What is distinct about cyberspace,
however, is that almost everyone could be a stranger in a strange place. In
real-space, while the default political relationship is the state of nature,
people who live within the boundaries of a sovereign state are usually in civil
society, having entered into a social contract with that sovereign. And most of
the time, we stay within the boundaries of the sovereign state. We tend to
assume that our transactions are governed by a common authority and that we are
in civil society. Since cyberspace does not conform to traditional territorial
boundaries, we rarely know whether someone we meet is part of our territorial
society. This is the political challenge of cyberspace.
One solution to this challenge is to
enter only those places in cyberspace that require a social contract. This
ensures that everyone within a given space respects at least some of the same
laws. One can even decide which rules matter most to him and then build a
virtual world for those who wish to follow those rules. Borders provide
security that a community of users who agree to follow the same rules. These
cyberspace borders can be more effective than those of real-space because
technology is often a more effective gatekeeper than the fences and guards of
real-space.59 But this solution is
imperfect. There will be places worth visiting that do not provide the
protection of an online social contract. In these places, one must choose
whether to bear the inconvenience of the state of nature or forgo visiting.

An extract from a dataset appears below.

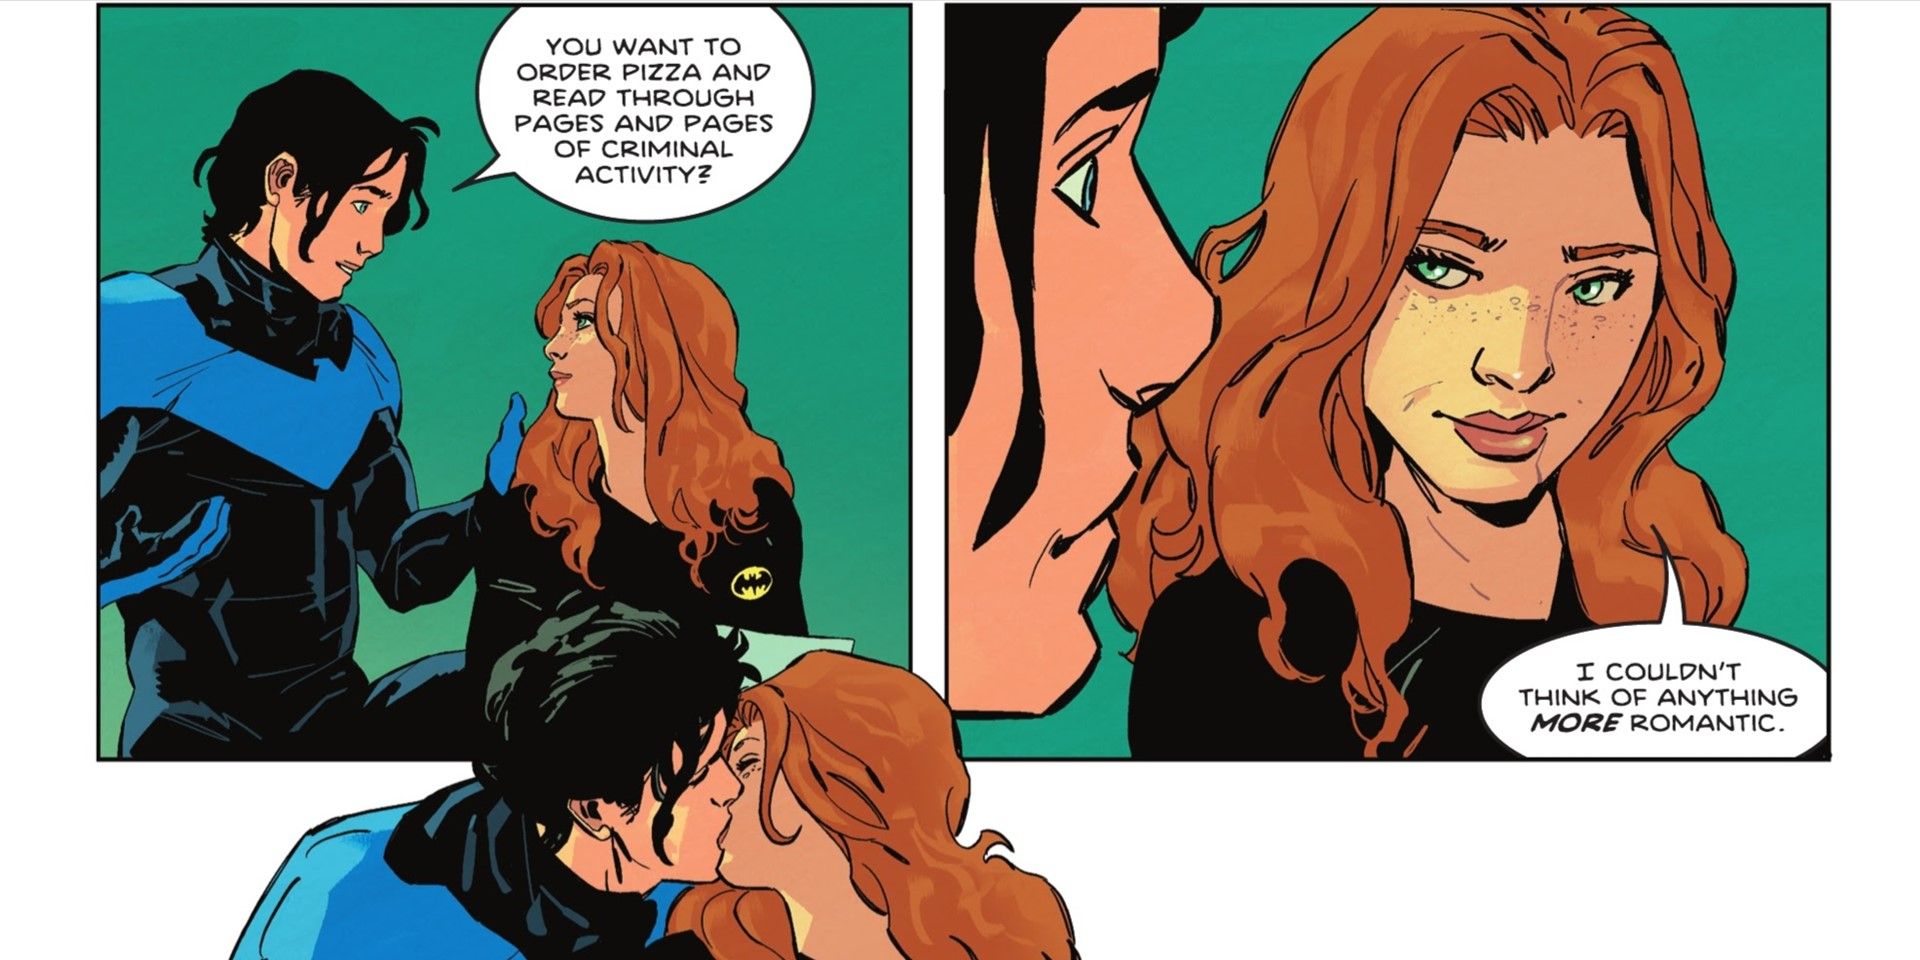 Dick Grayson and Barbara Gordon have a date night in DC Comics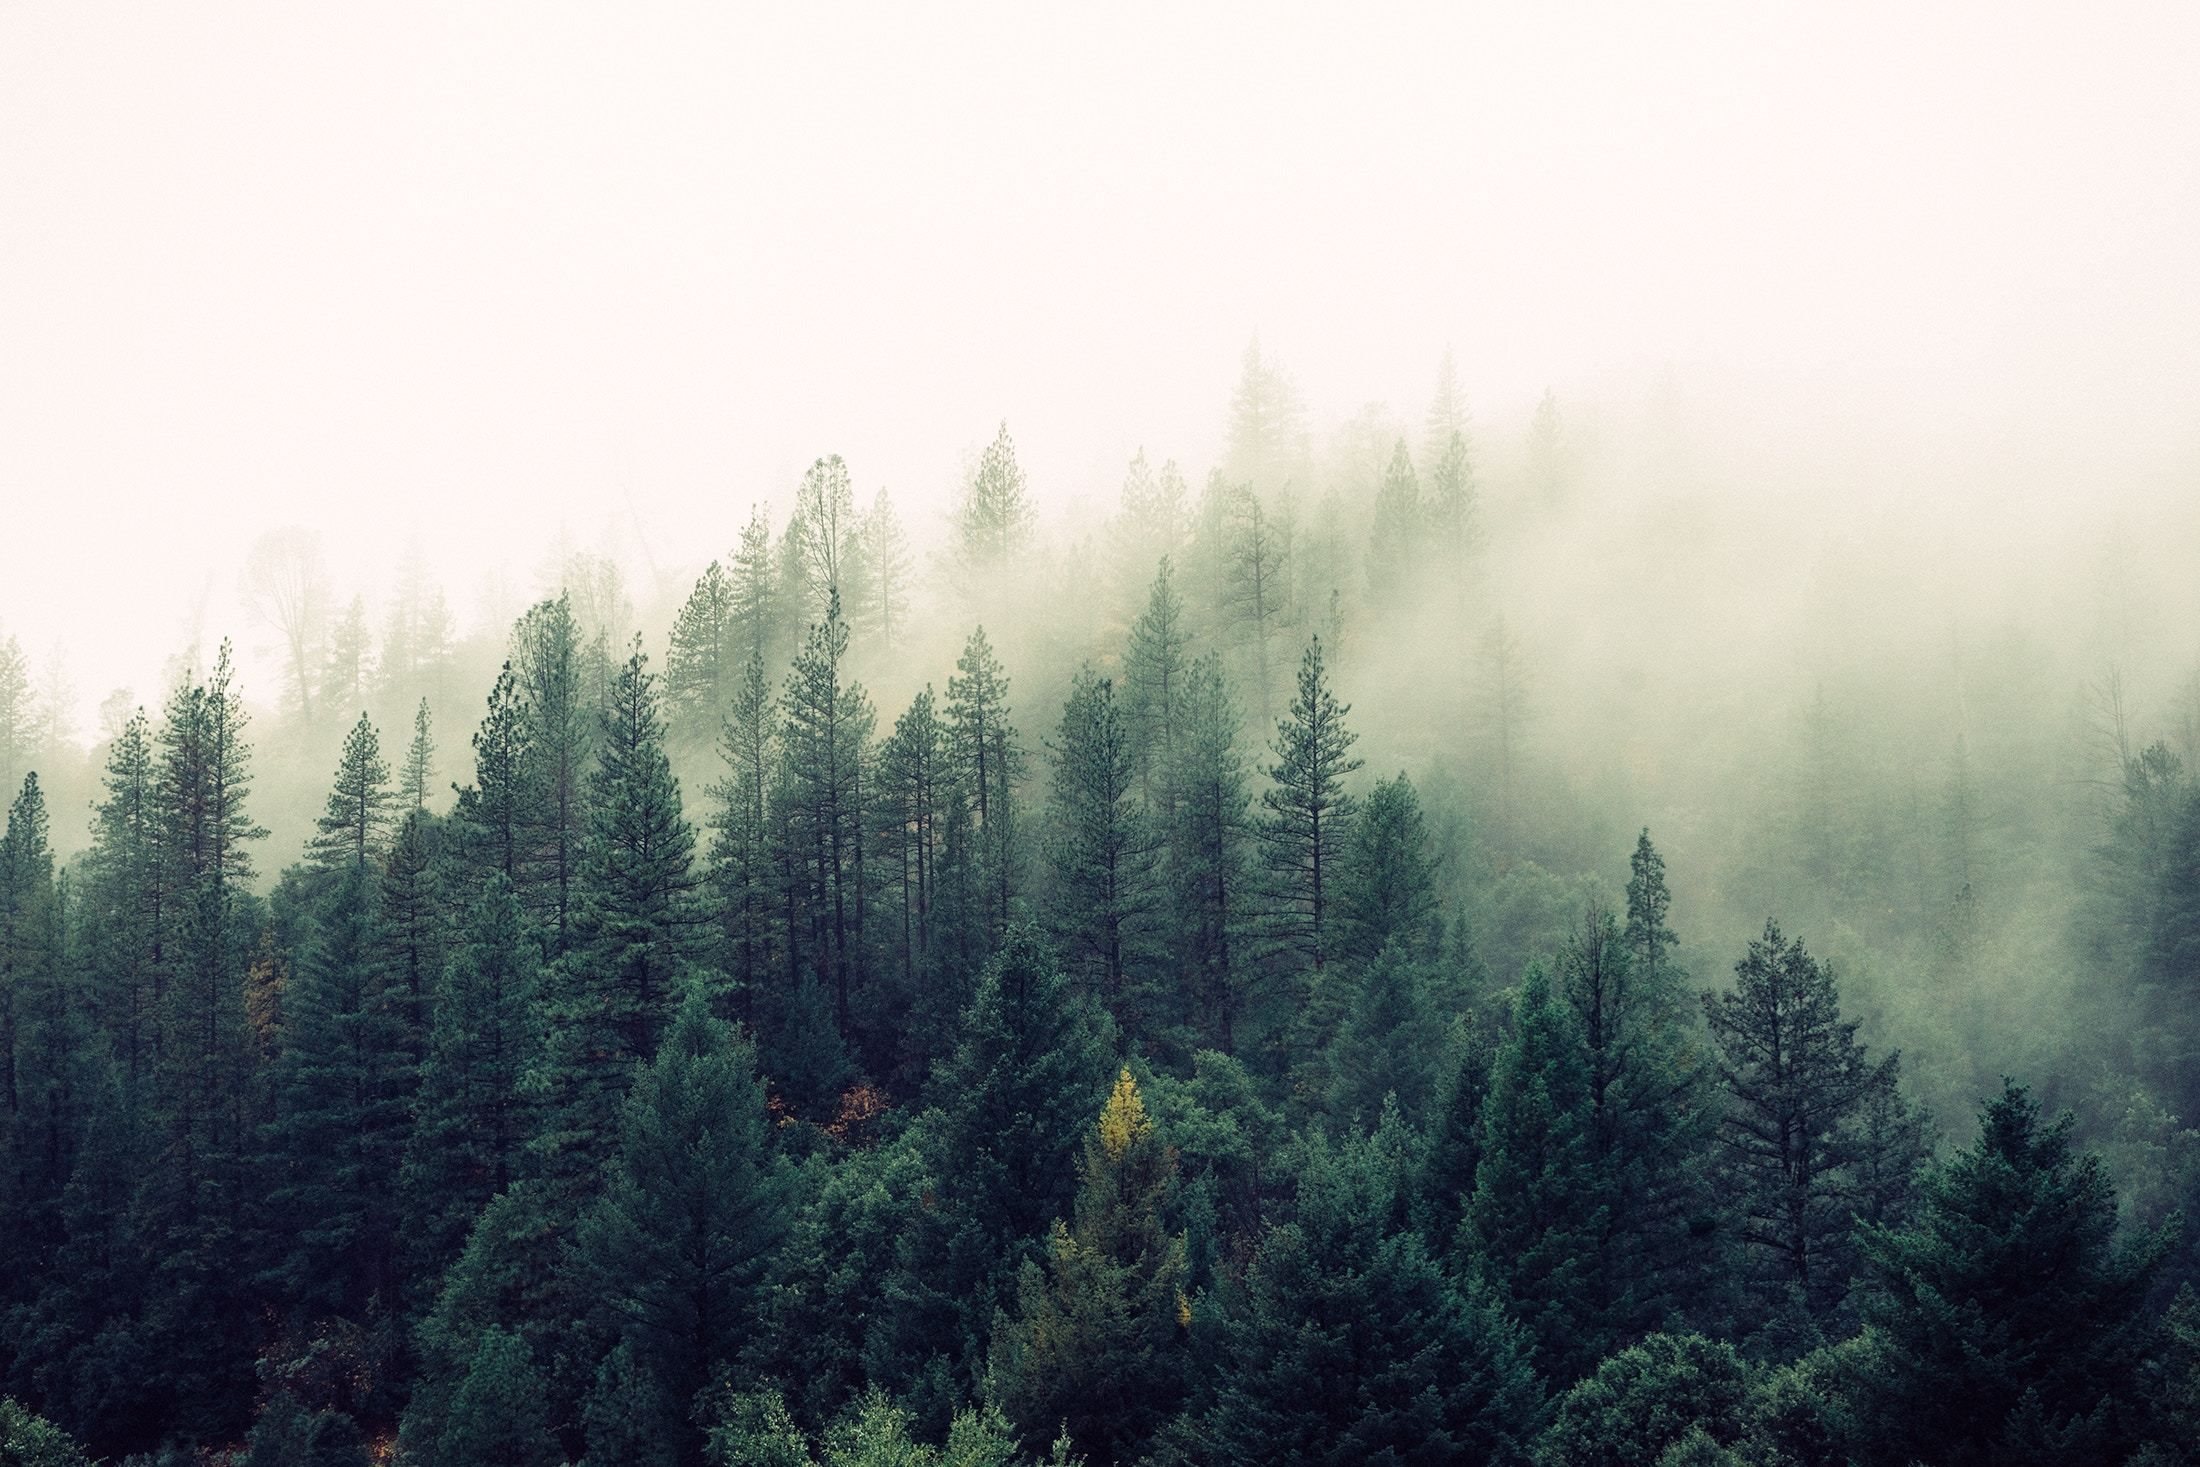 A foggy forest with trees in the background.

To summarize, the political state of
cyberspace is amorphous. Cyberspace provides a vast medium for the interaction
between various people in various political relationships. Sometimes, people
are in civil society because of their common real-space political commitments.
At other times, the only way to avoid the state of nature is to enter into a
social contract in a given place within cyberspace.60 Cyberspace
provides a political melting pot, bringing together anyone from anywhere to
forge whatever political relationships they will.
V. Conclusion
In this final section, I address the
implications of the political states of cyberspace both for how we ought to
analyze legal and political problems and for how we ought to resolve the
cyberspace governance debate. I argue that social contract theory teaches us
that we should consider not territorial boundaries but the relationships
between people to identify legitimate political power. I further argue that
cyberspace is unique in that it challenges our real-space assumption that most
people we meet will be members of our sovereign state.
A. People, not Places
Those involved in the governance debate
examine real-space law across boundaries in cyberspace.61 The exceptionalists argue that applying territorially-based
law in cyberspace is inappropriate. The unexceptionalists argue that it is
possible (perhaps desirable). But each position commits itself to the
assumption that places are the most significant factor in determining the
legitimacy of law.62
We have seen, however, that one way to
think of legitimacy is through the social contract. The social contract is a
mutual agreement between people. In real-space, there is a necessary
connection between people and places, so the social contract within a set of
boundaries is usually identical to the social contract between people in that
set of boundaries. But since cyberspace does not respect real-space boundaries,
the sometime identity between people and places disappears. The more
significant element in political power is people: if the people of cyberspace
agree to respect a common authority, then they are in civil society
irrespective of their locations.
It is tempting to proclaim that
cyberspace is a state of nature (or was, some time ago). This kind of sentiment
is behind Barlow’s Declaration.63 But the state of nature does not
describe places, either. The agreements between people determine the political
state of cyberspace. Many people, inevitably, will have common real-space
agreements before they step into cyberspace. They cannot abandon these
commitments simply by surfing the internet. These people, at least, are in
civil society. We have also seen that people can form social contracts distinct
to cyberspace, but these cannot ignore the mandatory laws of real-space
sovereigns.
One cannot ignore that cyberspace really
is different from any previous medium, however. The primary difference is a
difference of scale.64 The number of possible interactions in cyberspace is
almost without limit, as there are roughly one billion internet users in the
world,65
and the internet makes the distances between these users disappear. This should
not affect how real-space sovereigns regulate the activities of their own
citizens, but it does allow for disputes between many people who are in the
state of nature in reference to each other.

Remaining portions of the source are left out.